>>>

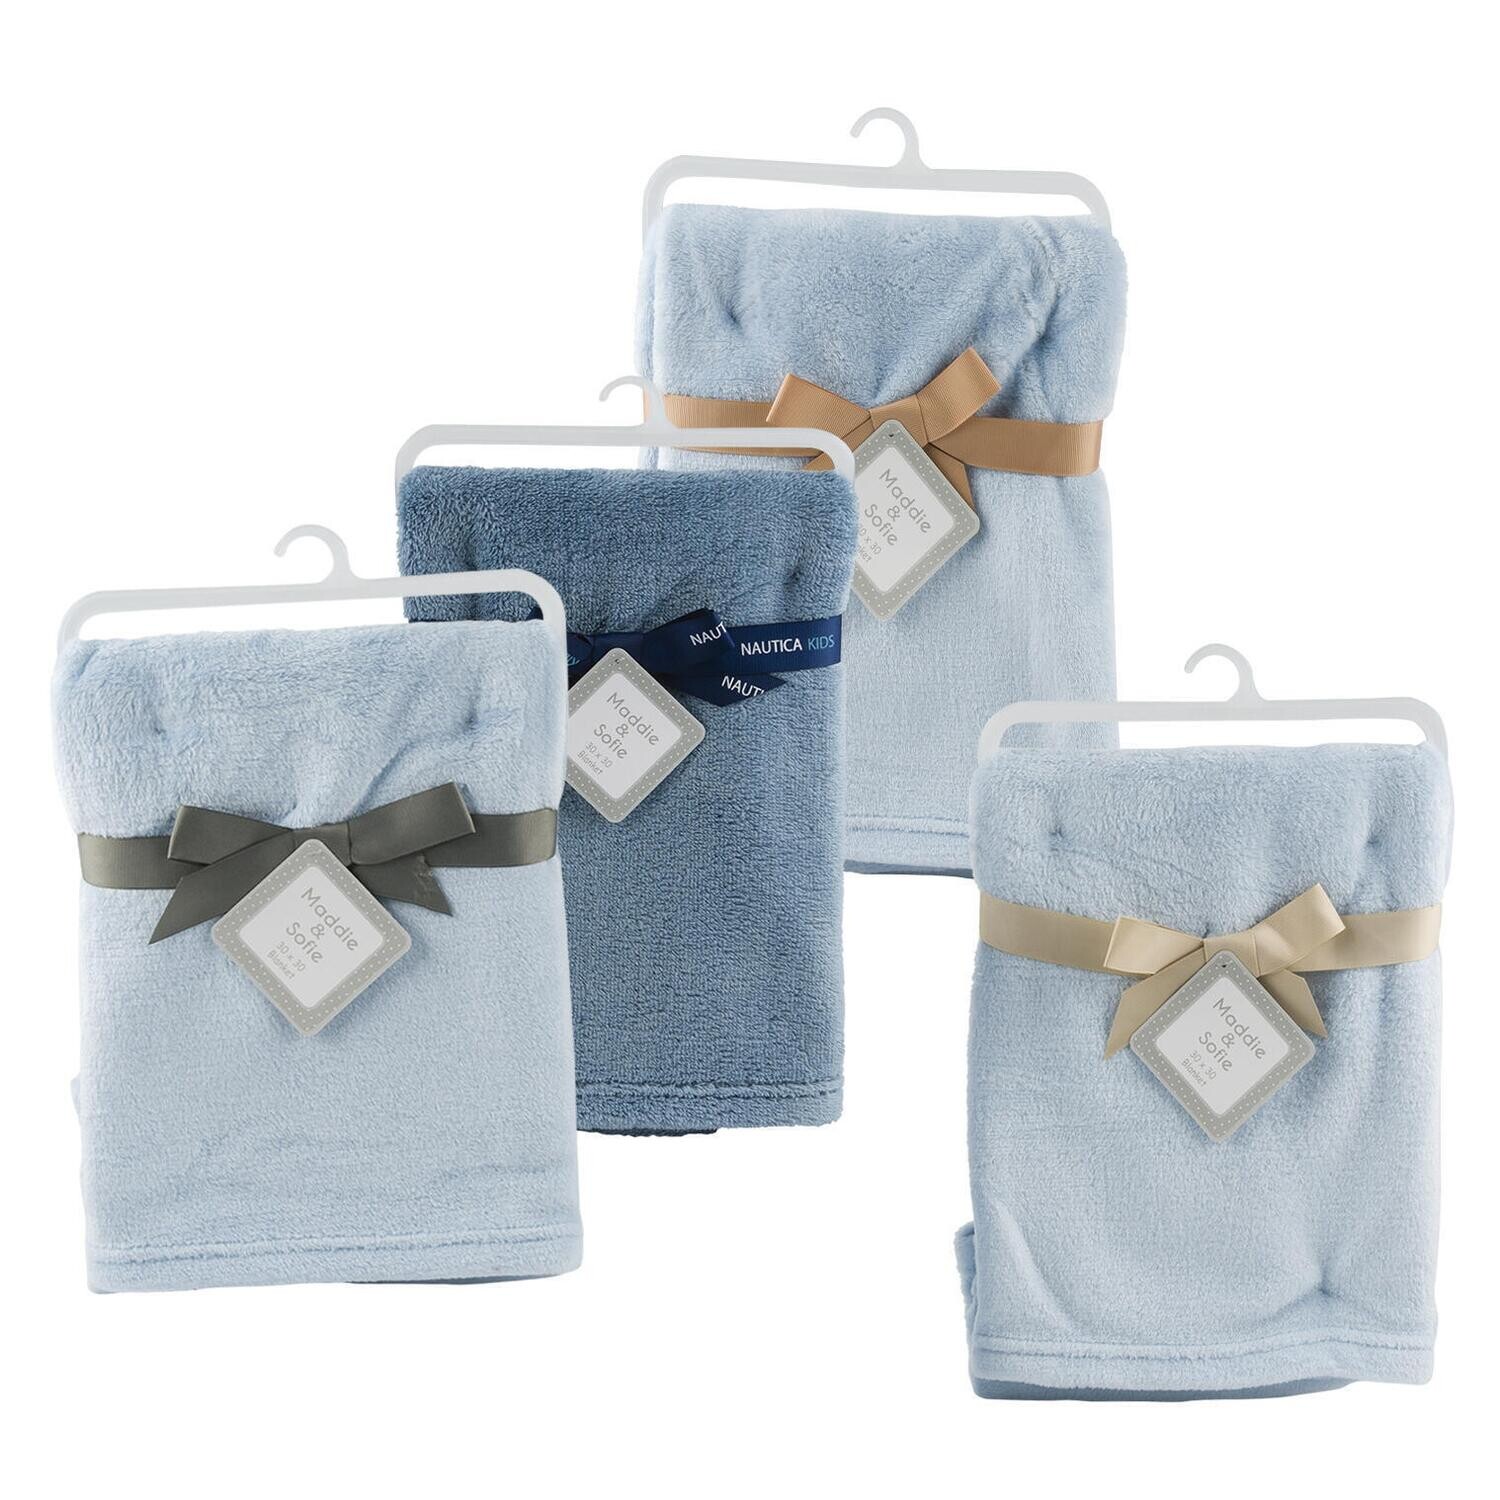 . Case of [60] Baby Blankets - 0-9M, Light & Dark Blue, 30" x 30" .
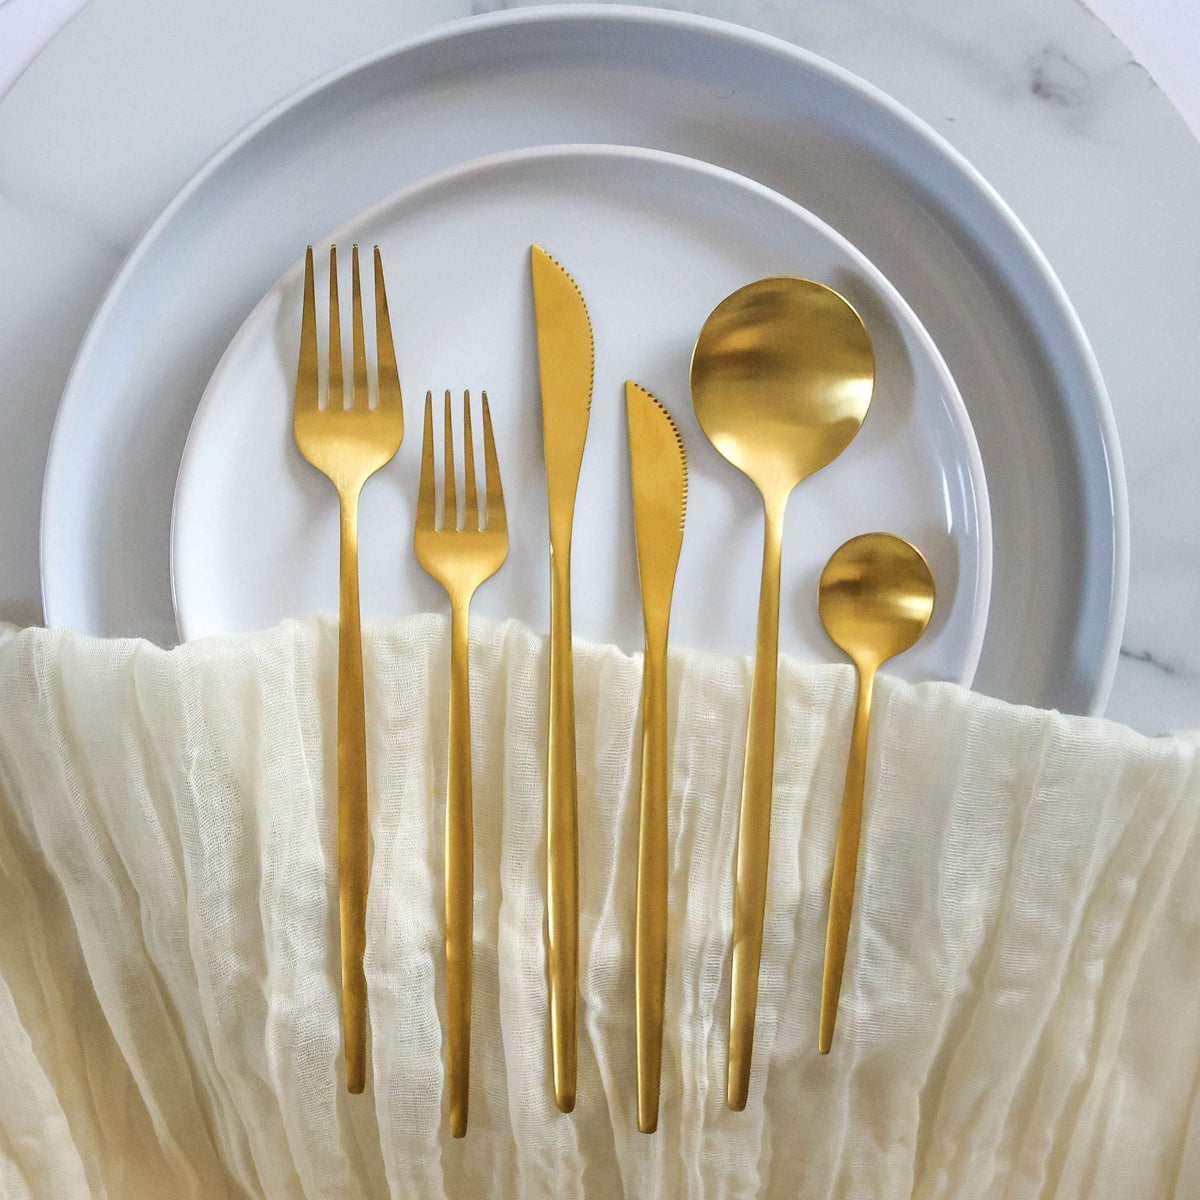 Sample Cutlery
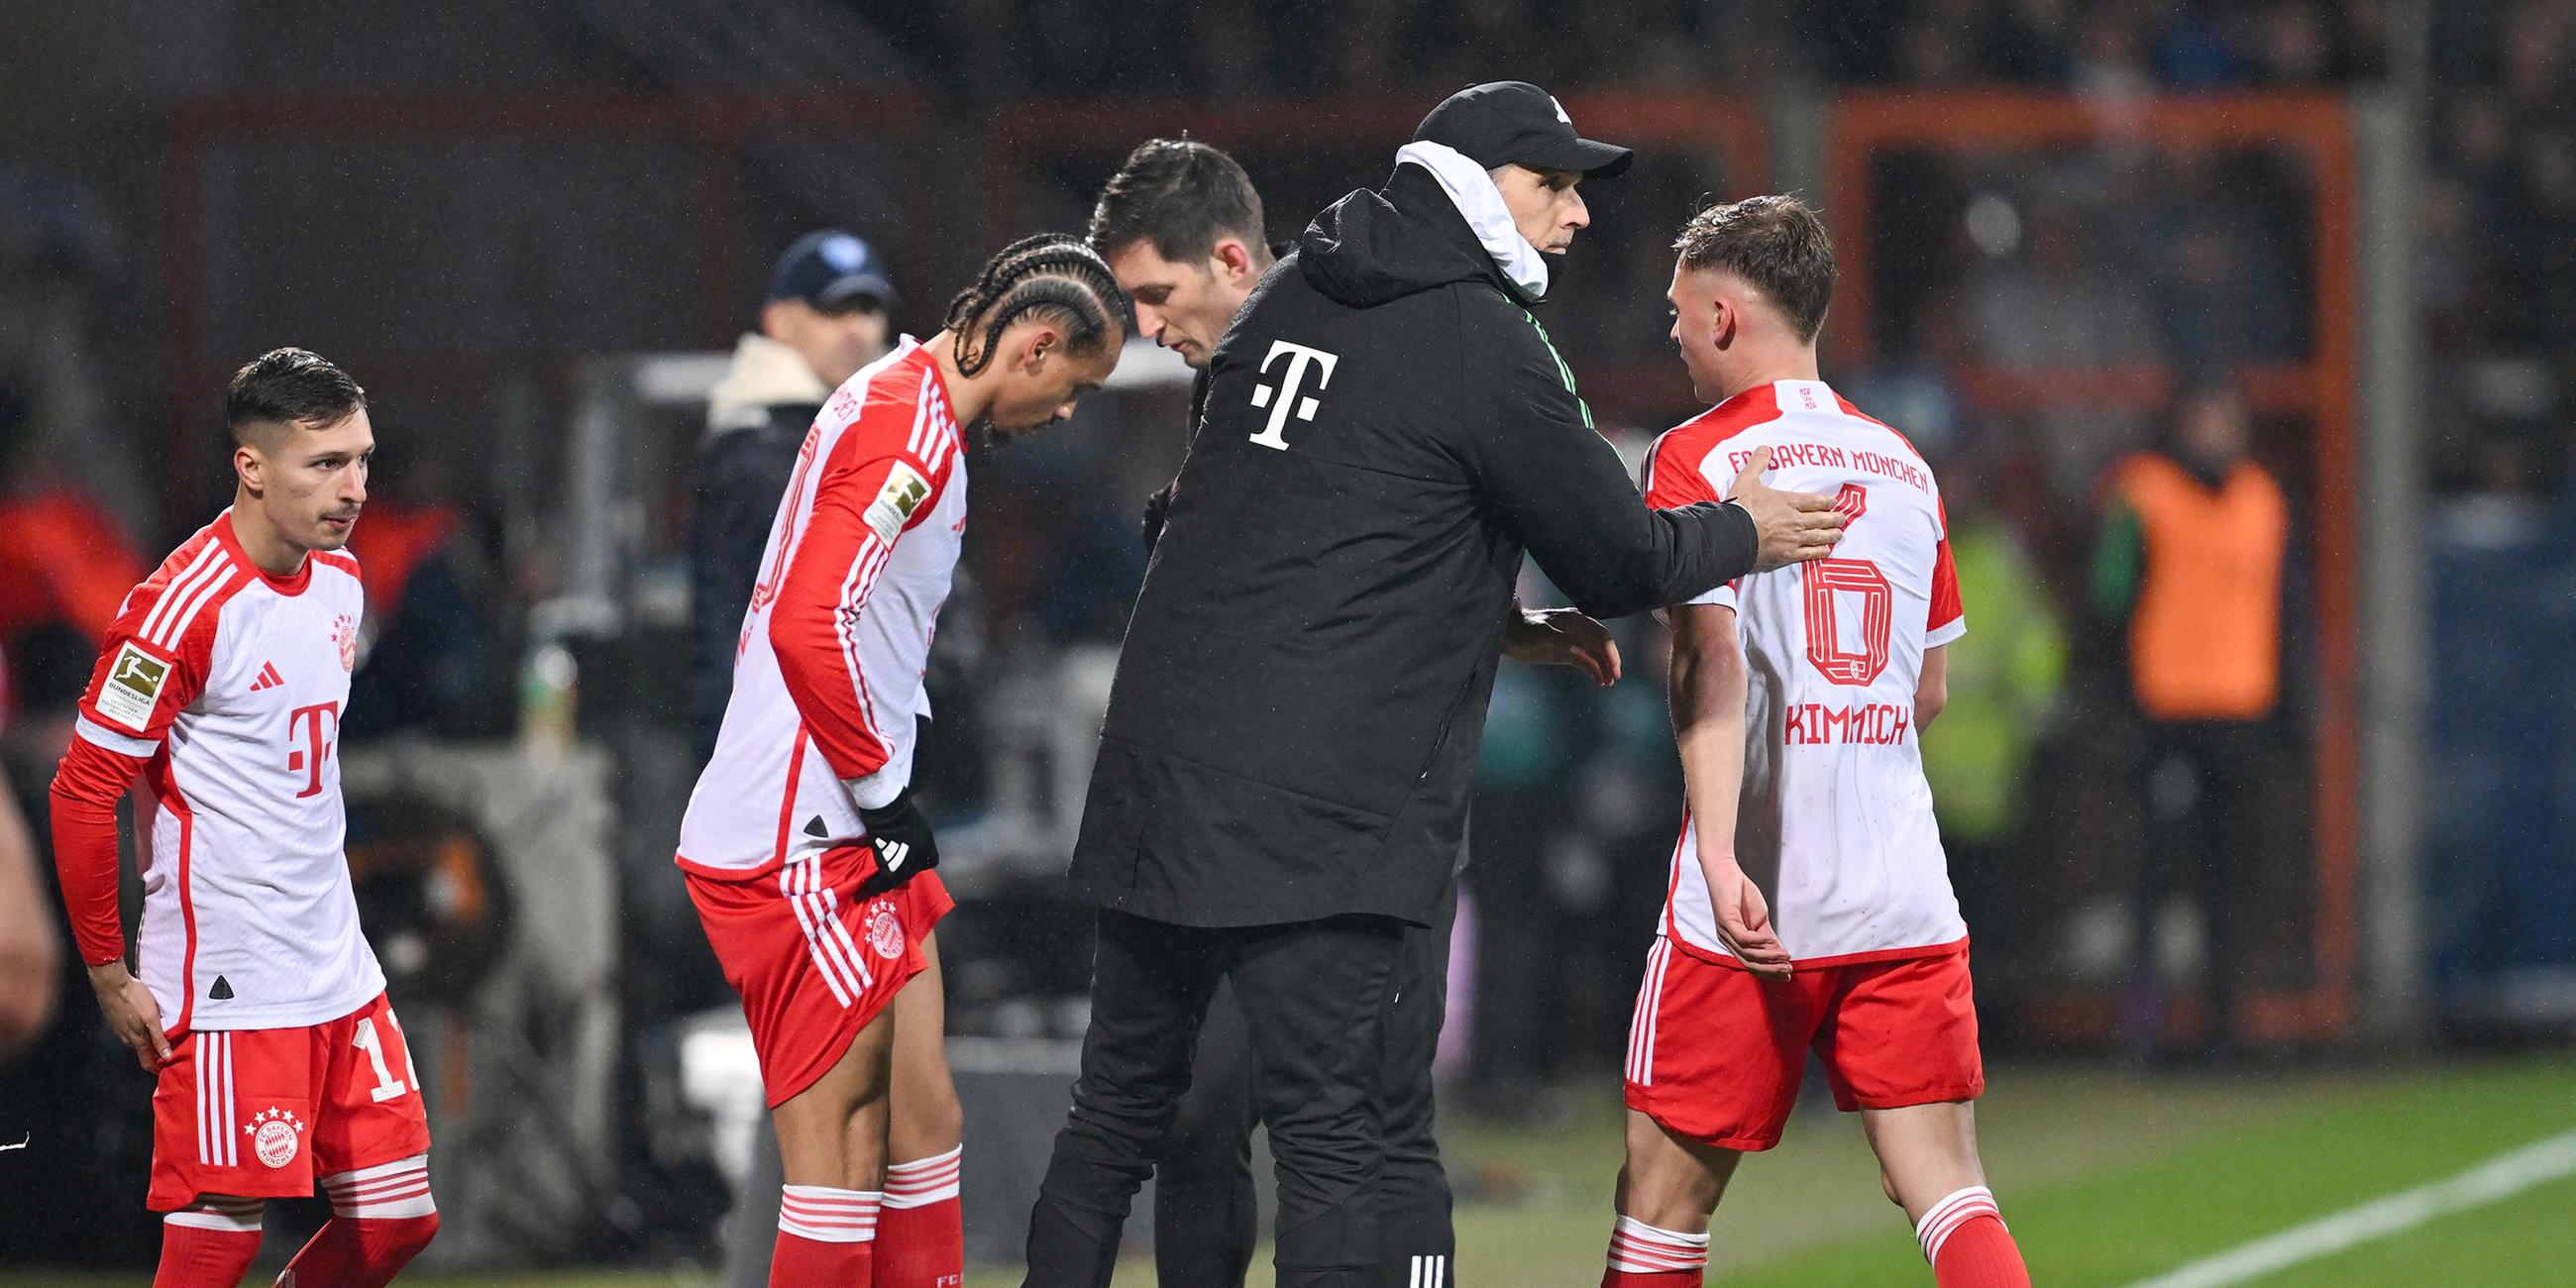 Münchens Cheftrainer Thomas Tuchel klopft seinem Spieler Joshua Kimmich während der Auswechslung auf die Schulter.

<<<

Work instruction:
Exactly as written, restate all of the data, leaving out the images.

Response to the exercise:
 . Case of [60] Baby Blankets - 0-9M, Light & Dark Blue, 30" x 30" .
 Sample Cutlery
 Münchens Cheftrainer Thomas Tuchel klopft seinem Spieler Joshua Kimmich während der Auswechslung auf die Schulter.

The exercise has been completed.